Interview / Patrick Thibault * Photos Kristo pour Kostar Publié dans le magazine Kostar n°62 - octobre-novembre 2018


Depuis qu’Audrey et Manuel Le Gouil ont repris La Poissonnerie, l’adresse nantaise a connu une montée en flèche. Ils en ont fait La Poissonnerie et pas que, une étape gastronomique incontournable où l’on respecte les poissons et cultive la simplicité.

Quand on est breton et cuisinier, est-ce qu’on est prédestiné à la cuisine du poisson ?

Il y a une forme d’évidence. Je suis natif de la pointe du Raz et j’ai donc grandi face à la mer. Depuis tout petit, je suis allé pêcher avec mon papa à pied et en bateau. Les levers de soleil magnifiques et la surprise des prises toujours aléatoires, ça marque pour la vie.


Enfant, quel était votre poisson préféré ?

Avec mon frère, le maquereau, ce qui n’est pas si courant pour des enfants. C’était le poisson qu’on remontait le plus. On le mangeait tout simplement avec des pommes de terre et c’était super.


Quel a été votre parcours avant d’arriver à La Poissonnerie ?

J’ai commencé la cuisine à 15 ans aux Sables Blancs à Concarneau. On y avait un confort de travail avec le port et les poissons arrivaient vivants. J’y suis revenu avec le nouveau chef Frédéric Rouxel, après un écart pour une mention pâtisserie. Puis, on est arrivé à Nantes avec mon épouse à L’Embellie. Un an-et-demi après, en 2014, on a repris La Poissonnerie pour en faire La Poissonnerie et pas que.


“En étant sur des poissons le plus rosé possible, on découvre des textures inattendues, des goûts qu’on ne connaissait pas.”

Comment définissez-vous votre cuisine ?

Je cuisine ce que j’aime, comme j’aime. Je suis l’air du temps en respectant les classiques. Et je pratique une cuisine de saison, dans le respect des producteurs. Je crois qu’on apprécie la justesse de mes cuissons. Je me focalise sur le goût. L’élément principal est toujours bien centré et chaque élément annoncé n’est pas dénaturé.


Qu’est-ce qui fait le succès de La Poissonnerie et pas que…

Notre simplicité et notre vision du travail. On pourrait mettre 40 couverts, on se contente de 30 parce qu’on aime le calme et l’intimité. Un joli service, chaque plat est expliqué en salle. L’équipe prend du plaisir et elle le communique.


Quelle est la principale qualité d’un poisson ?

Sa fraîcheur et le respect dans la pêche. J’aime travailler les beaux produits, des poissons de ligne, privilégier les petits bateaux avec des poissons qui ne sont pas écrasés dans des chaluts.


Depuis 11 ans que vous êtes en cuisine, qu’est-ce qui a changé dans la cuisine du poisson ?
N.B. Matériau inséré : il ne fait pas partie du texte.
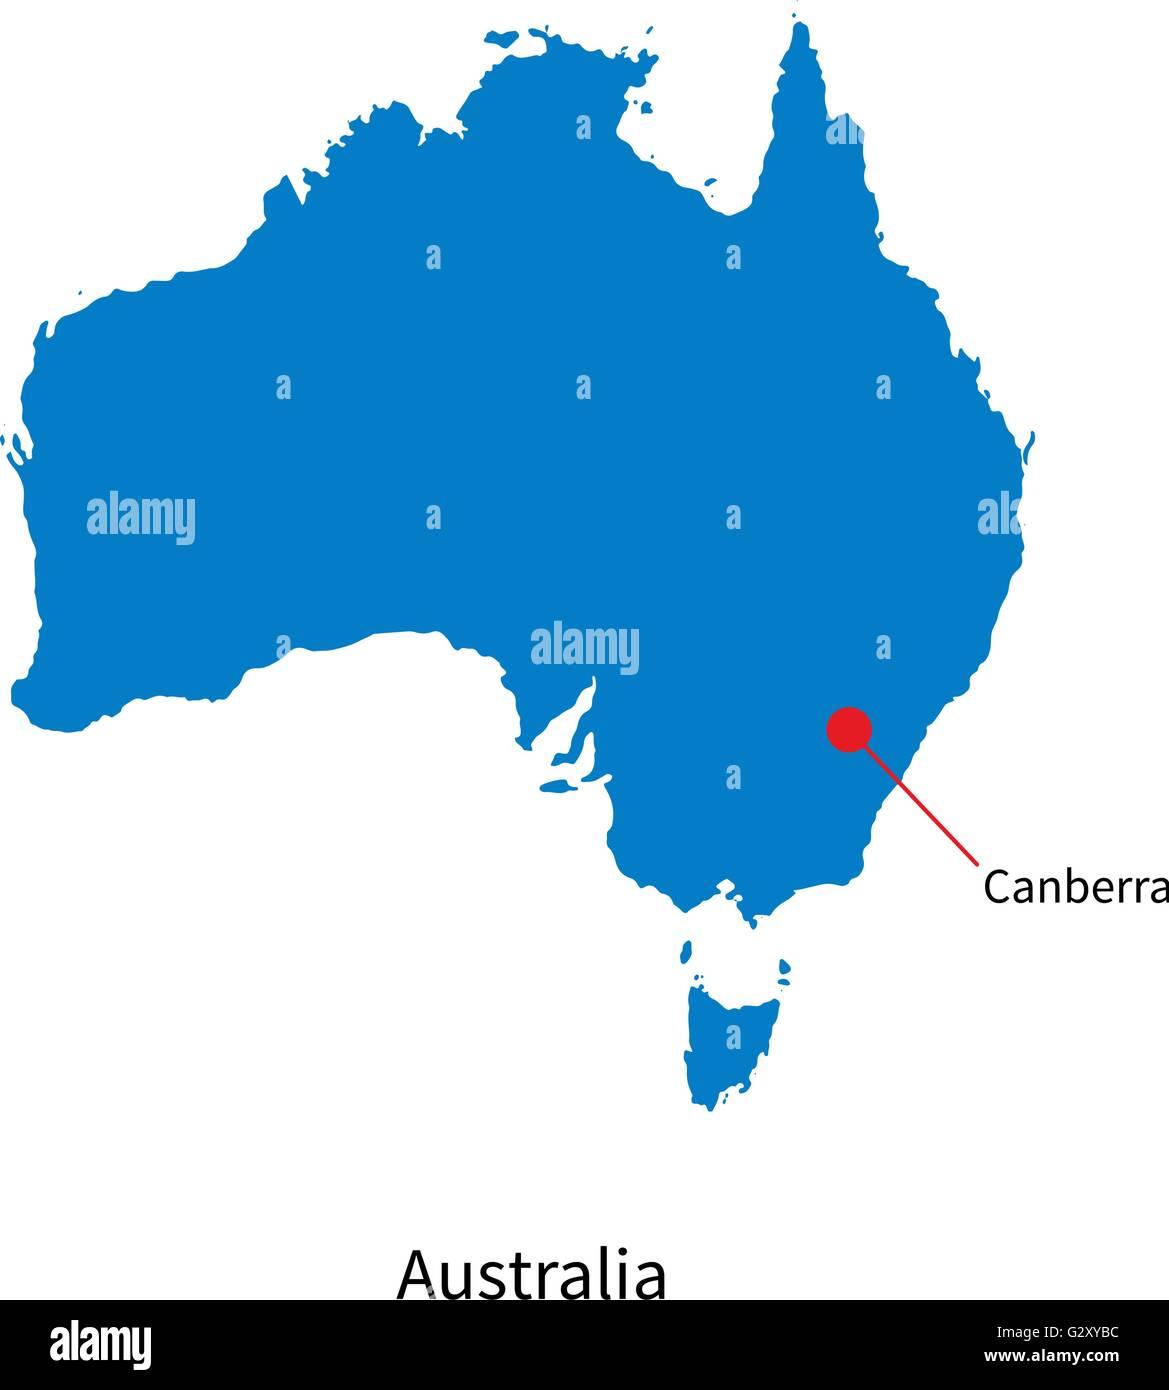 Australia Capital Map My blog

On recherche les techniques de cuisson qui vont mettre en valeur le poisson. Beaucoup de basse température sur des marinades, un léger fumage, des cuissons au sel… En étant sur des poissons le plus rosé possible, on découvre des textures inattendues, des goûts qu’on ne connaissait pas.


“Je veux qu’en fin de repas on ait la même sensation : que le goût soit stimulé pour que le palais se souvienne.”

Pourquoi avoir ajouté “et pas que…” à La Poissonnerie ?

Parce qu’il reste des gens qui ne mangent pas de poisson. Quand il prennent un menu à l’aveugle, ils en découvre un peu. On pratique aussi quelques mélanges terre mer : le magret de canard aux huîtres et sarrasin, le foie gras qui marche magnifiquement avec les poissons.


On parle beaucoup des problèmes de la pêche…

Il faut résolument s’inscrire dans le respect des poissons. Il faut soutenir les pêcheurs de ligne dont le nombre diminue. Nous devons résister aux poissons d’élevage. J’ai la chance d’avoir de bons fournisseurs qui respectent la traçabilité, de proposer des poissons travaillés en ikegime, ce qui sublime le goût. Sur notre carte, il y a régulièrement des maigres et bars de ligne de Noirmoutier, des langoustines du Guilvinec, des tourteaux de Loctudy.


D’où vient ce goût pour l’acidité que l’on trouve dans vos desserts ?

Il faut des goûts qui choquent. Ici, on pratique des sauces avec des réductions très intenses. J’ai ce goût pour l’acidité en dessert et je veux qu’en fin de repas on ait la même sensation : que le goût soit stimulé pour que le palais se souvienne.


La Poissonnerie et pas que 4 rue Léon Maître, Nantes


Entrée Foie gras en chapelure de jambon serrano/artichaut en trois façons (mousseline, barigoule, et cru au balsamique blanc pour avoir trois textures et trois impacts).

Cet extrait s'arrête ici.